Imagine you’re designing a user system for a web site. To help enforce better security practices, you’ve decided there will be a minimum password length of at least 7 characters. To achieve this we could define a User class like so:

public class User {
    private string password;

    public string Password {
        get { return password; }
        set {
            if(value.length < 7) {
                throw new InvalidArgumentException("Password is too short");
            }

            password = value;
        }
    }
}

This satisfies our security requirement, but what if instead of catching exceptions when attempting to set a password we want to take advantage of the validator pattern? An improper solution to would be to define a PasswordValidator as:

public class PasswordValidator {
    public bool Validate(string password) {
        return password.length >= 7;
    }
}

Why is this bad? Because it violates the DRY (don’t repeat yourself) principle. We now have two locations that maintain a minimum password length. In larger projects when a single magic number is used in more than 1 places it can turn into a nightmare hunting down all the instances if the magic number ever needs to be changed.

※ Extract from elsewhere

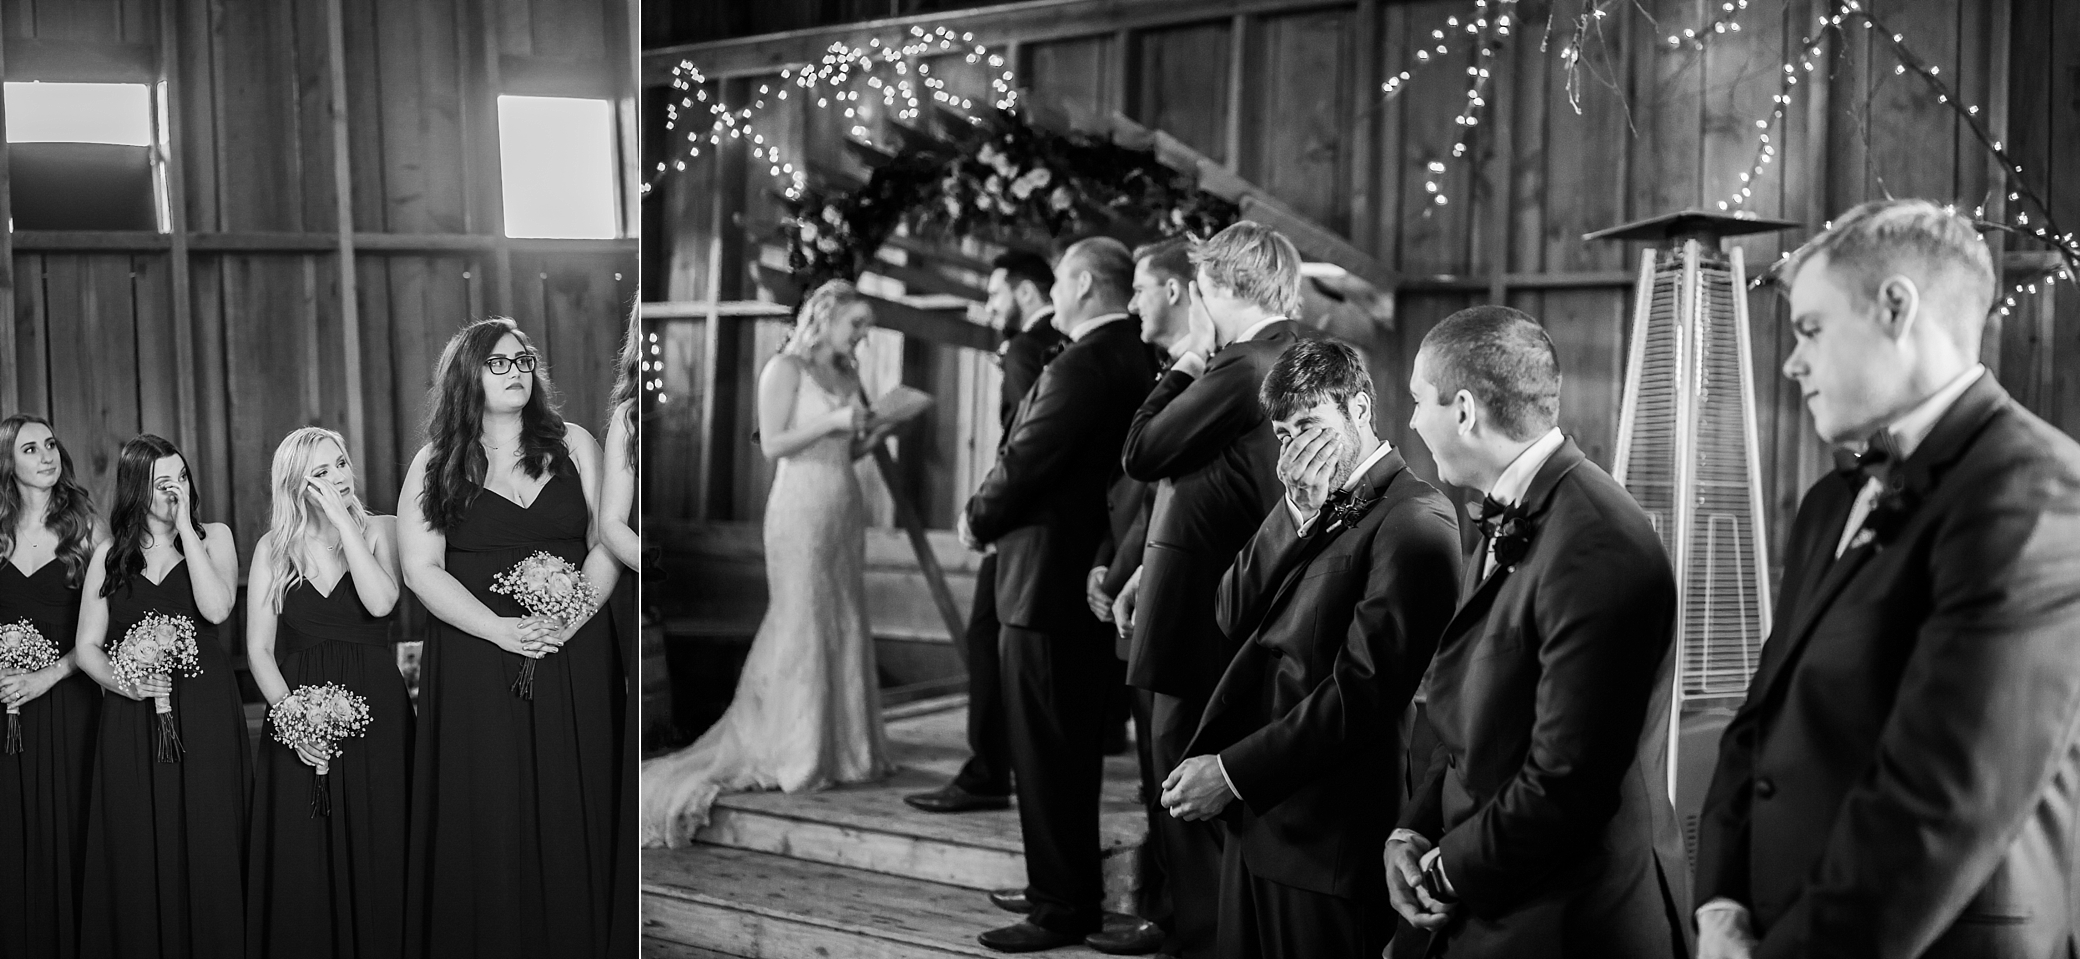 Wedding party during wedding ceremony | Megan Montalvo Photography

We could refactor the example above to be more maintainable by introducing a MinPasswordLength constant for the User class.

public class User {
    public const int MinPasswordLength = 7;

    private string password;

    public string Password {
        get { return password; }
        set {
            if(value.length < User.MinPasswordLength) {
                throw new InvalidArgumentException("Password is too short");
            }

            password = value;
        }
    }
}

public class PasswordValidator {
    public bool Validate(string password) {
        return password.length >= User.MinPasswordLength;
    }
}

Constants are your friend and should be used whenever (reasonably) possible.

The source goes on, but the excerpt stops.